Set down the entries again word for word, without any of the images.

[Records from a dataset]
______

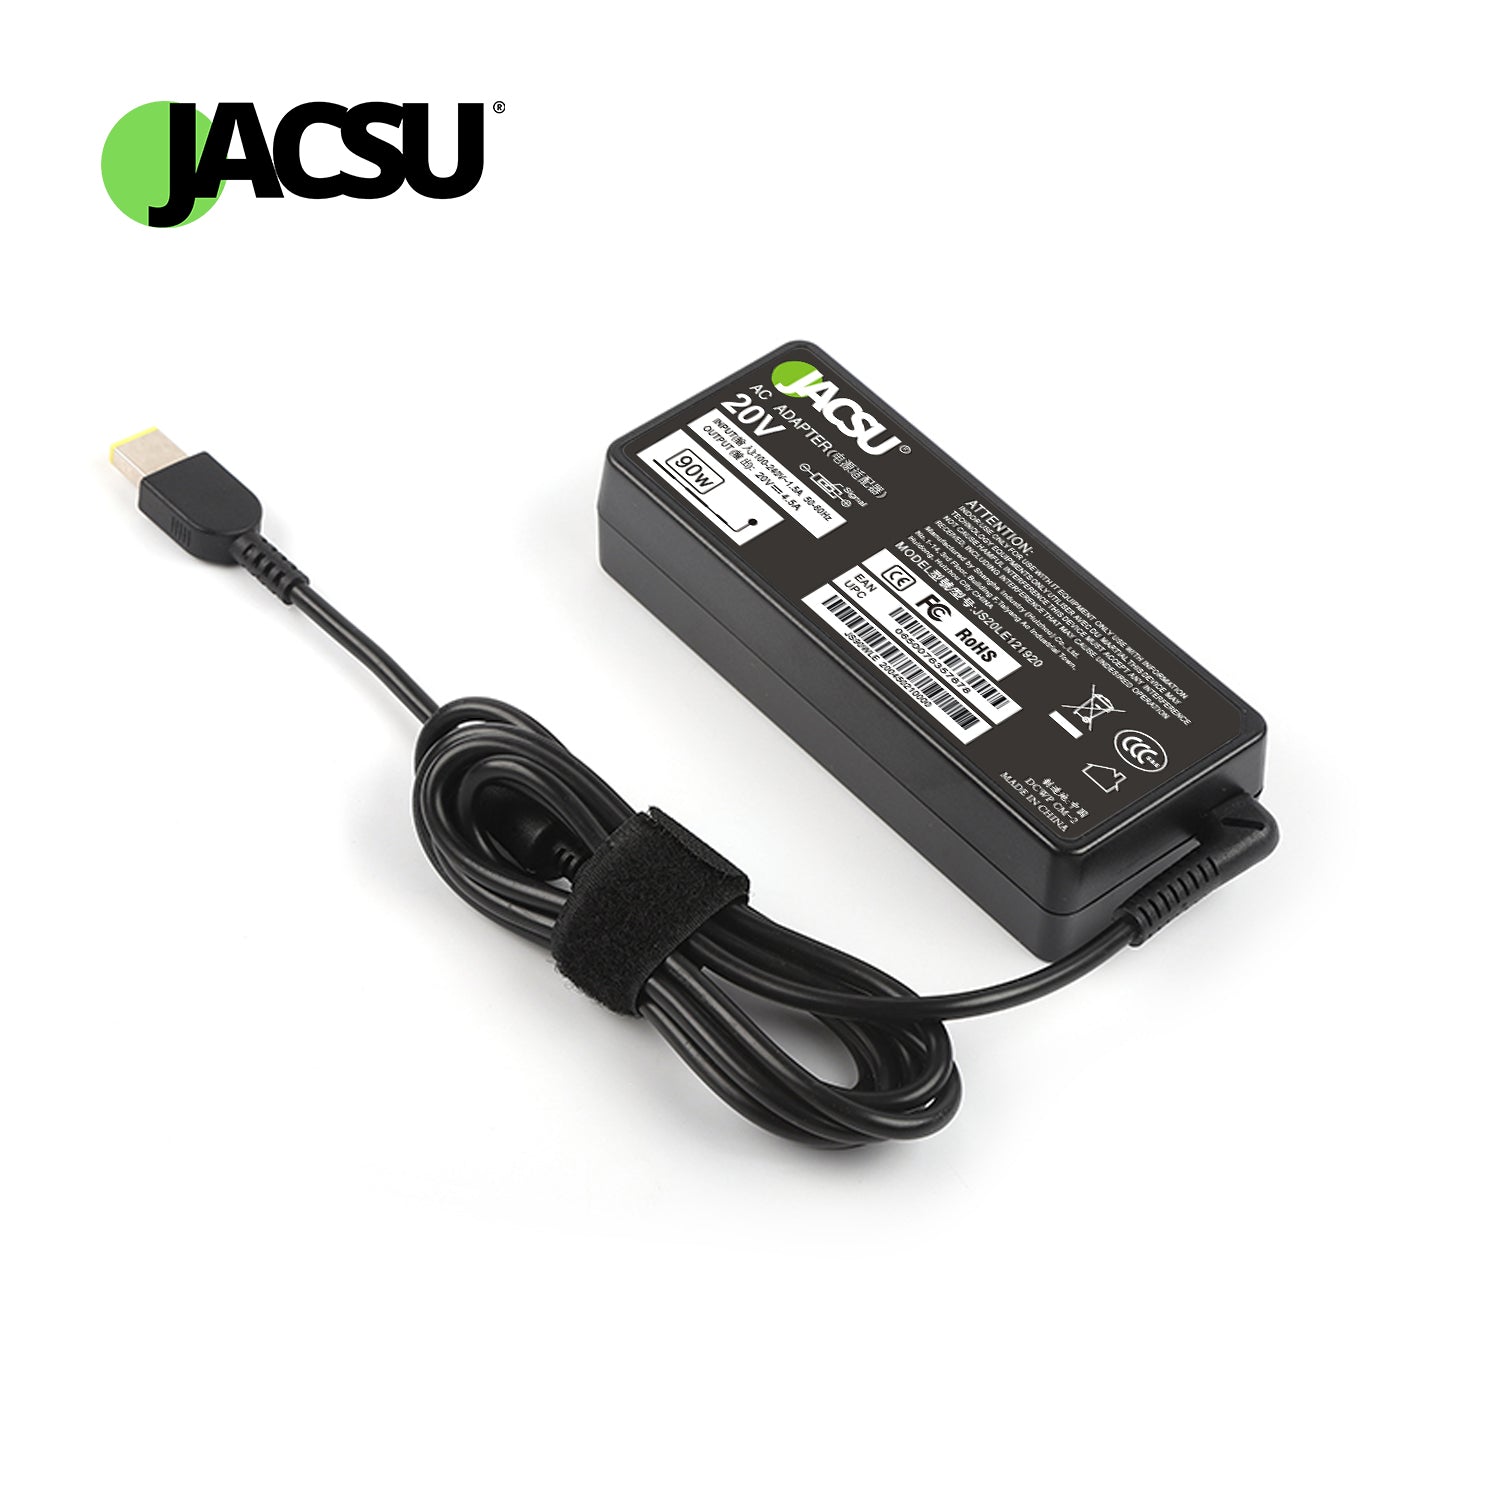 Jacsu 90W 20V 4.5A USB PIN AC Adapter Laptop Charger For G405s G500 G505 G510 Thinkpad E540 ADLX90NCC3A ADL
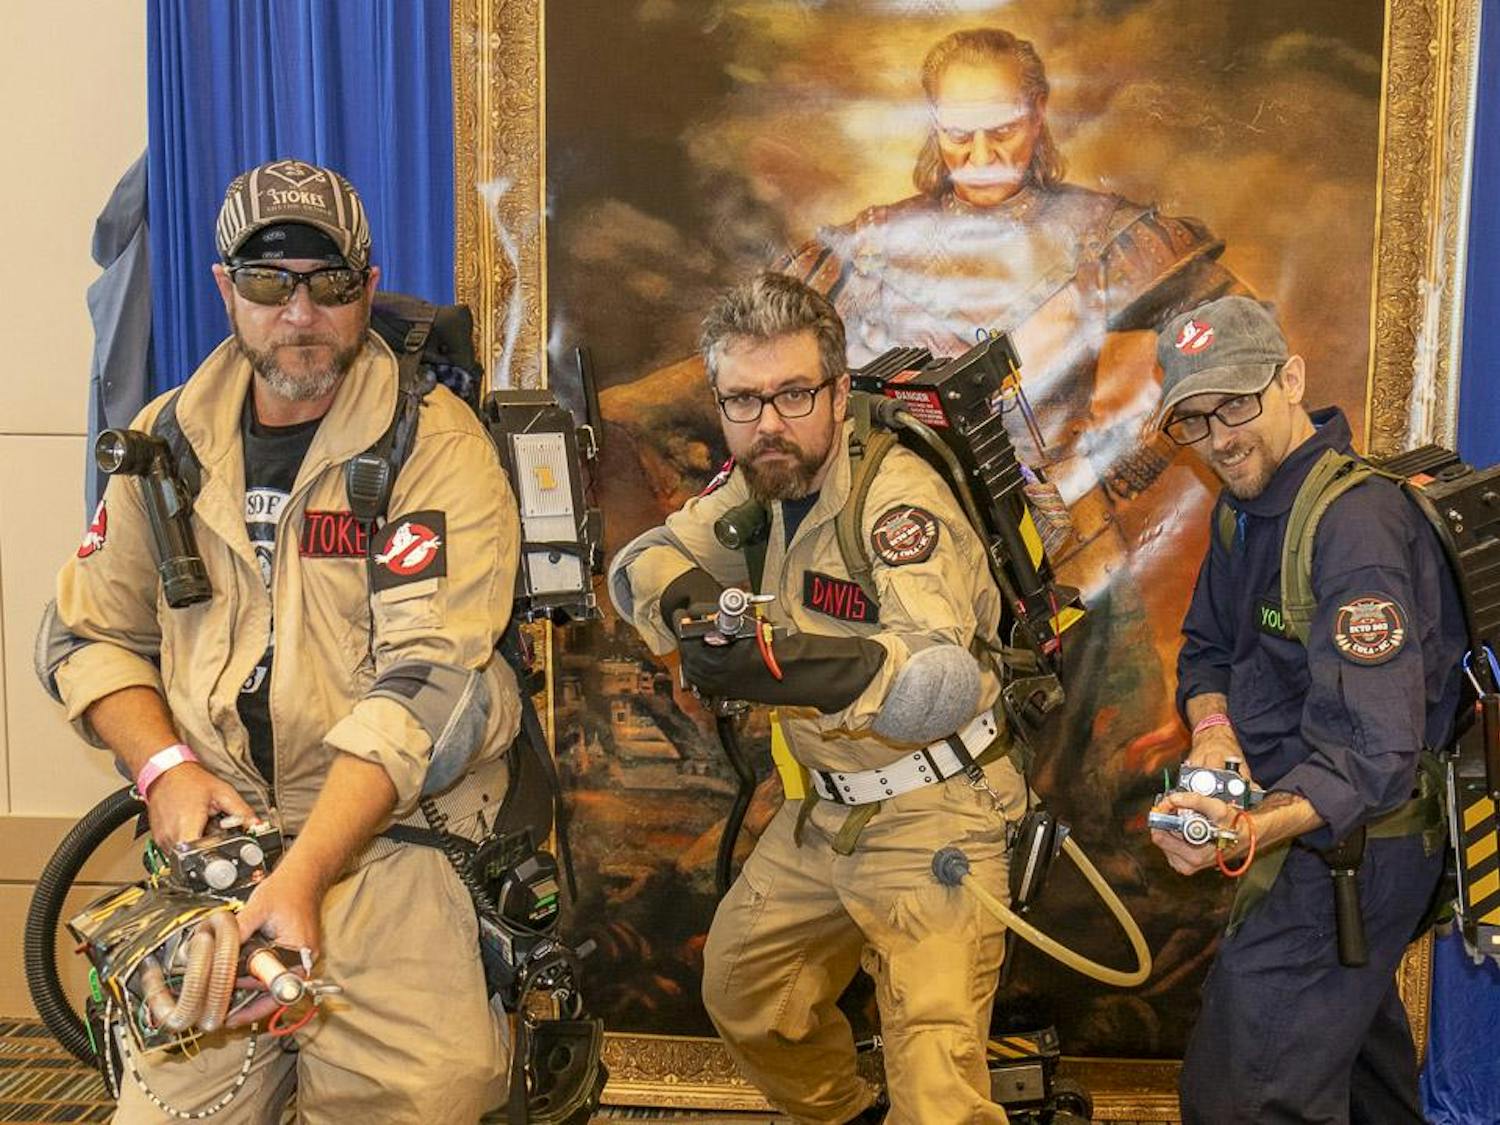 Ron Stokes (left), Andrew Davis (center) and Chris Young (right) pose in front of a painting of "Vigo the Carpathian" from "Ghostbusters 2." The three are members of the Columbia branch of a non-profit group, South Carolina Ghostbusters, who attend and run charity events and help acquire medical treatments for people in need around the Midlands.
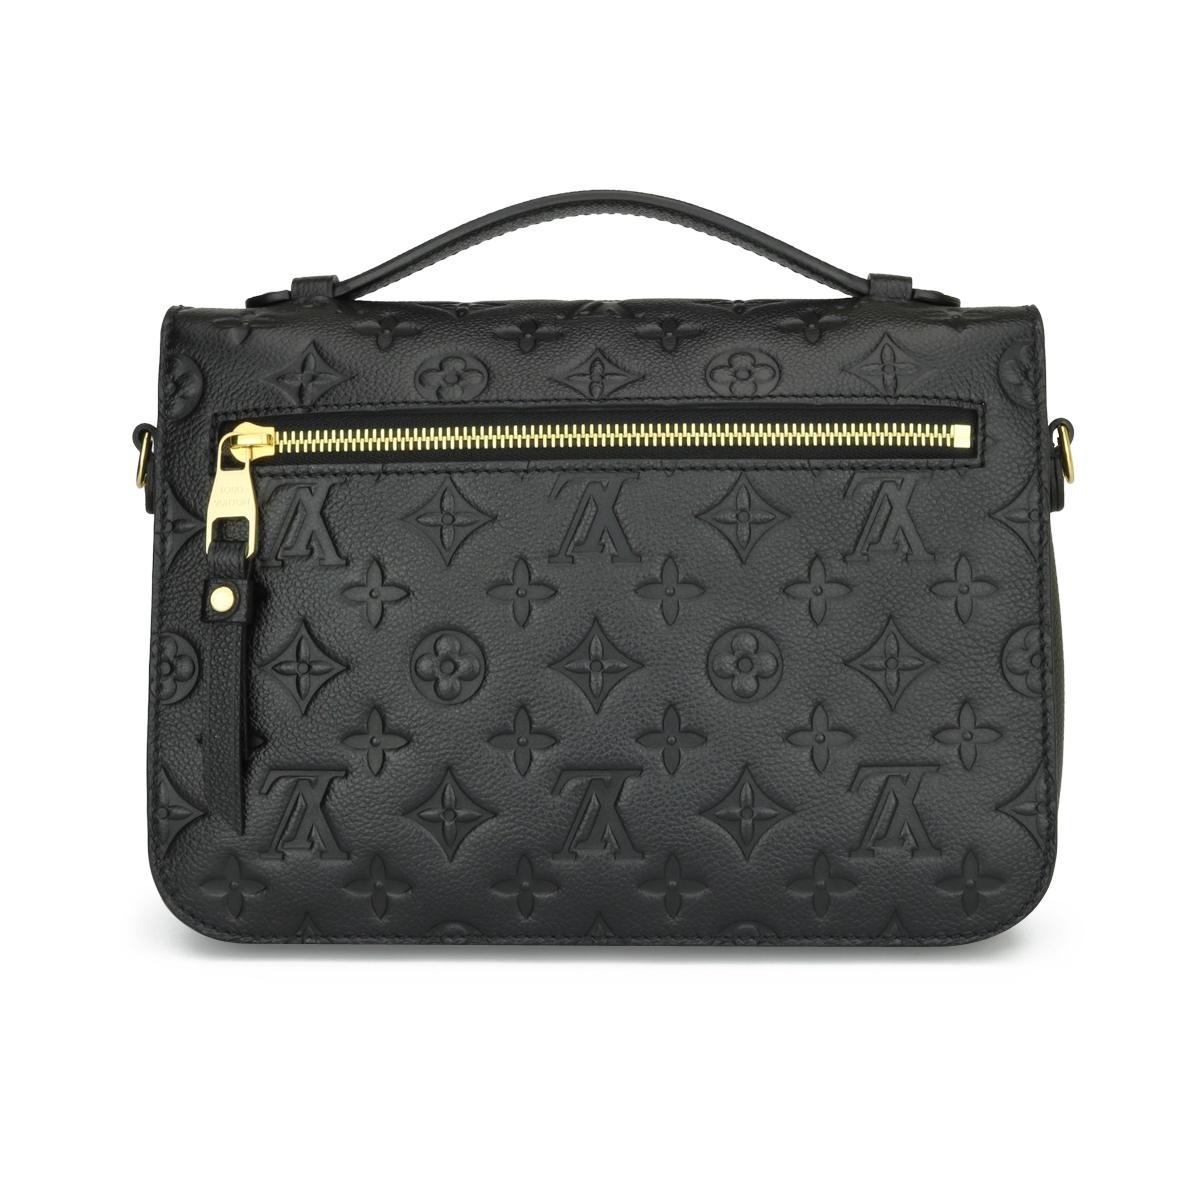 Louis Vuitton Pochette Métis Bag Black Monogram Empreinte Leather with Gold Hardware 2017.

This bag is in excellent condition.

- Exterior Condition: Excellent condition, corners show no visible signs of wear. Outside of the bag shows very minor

______

**ANSWER AREA:**
 Jacsu 90W 20V 4.5A USB PIN AC Adapter Laptop Charger For G405s G500 G505 G510 Thinkpad E540 ADLX90NCC3A ADL
 Ron Stokes (left), Andrew Davis (center) and Chris Young (right) pose in front of a painting of "Vigo the Carpathian" from "Ghostbusters 2." The three are members of the Columbia branch of a non-profit group, South Carolina Ghostbusters, who attend and run charity events and help acquire medical treatments for people in need around the Midlands.
 Louis Vuitton Pochette Métis Bag Black Monogram Empreinte Leather with Gold Hardware 2017.

This bag is in excellent condition.

- Exterior Condition: Excellent condition, corners show no visible signs of wear. Outside of the bag shows very minor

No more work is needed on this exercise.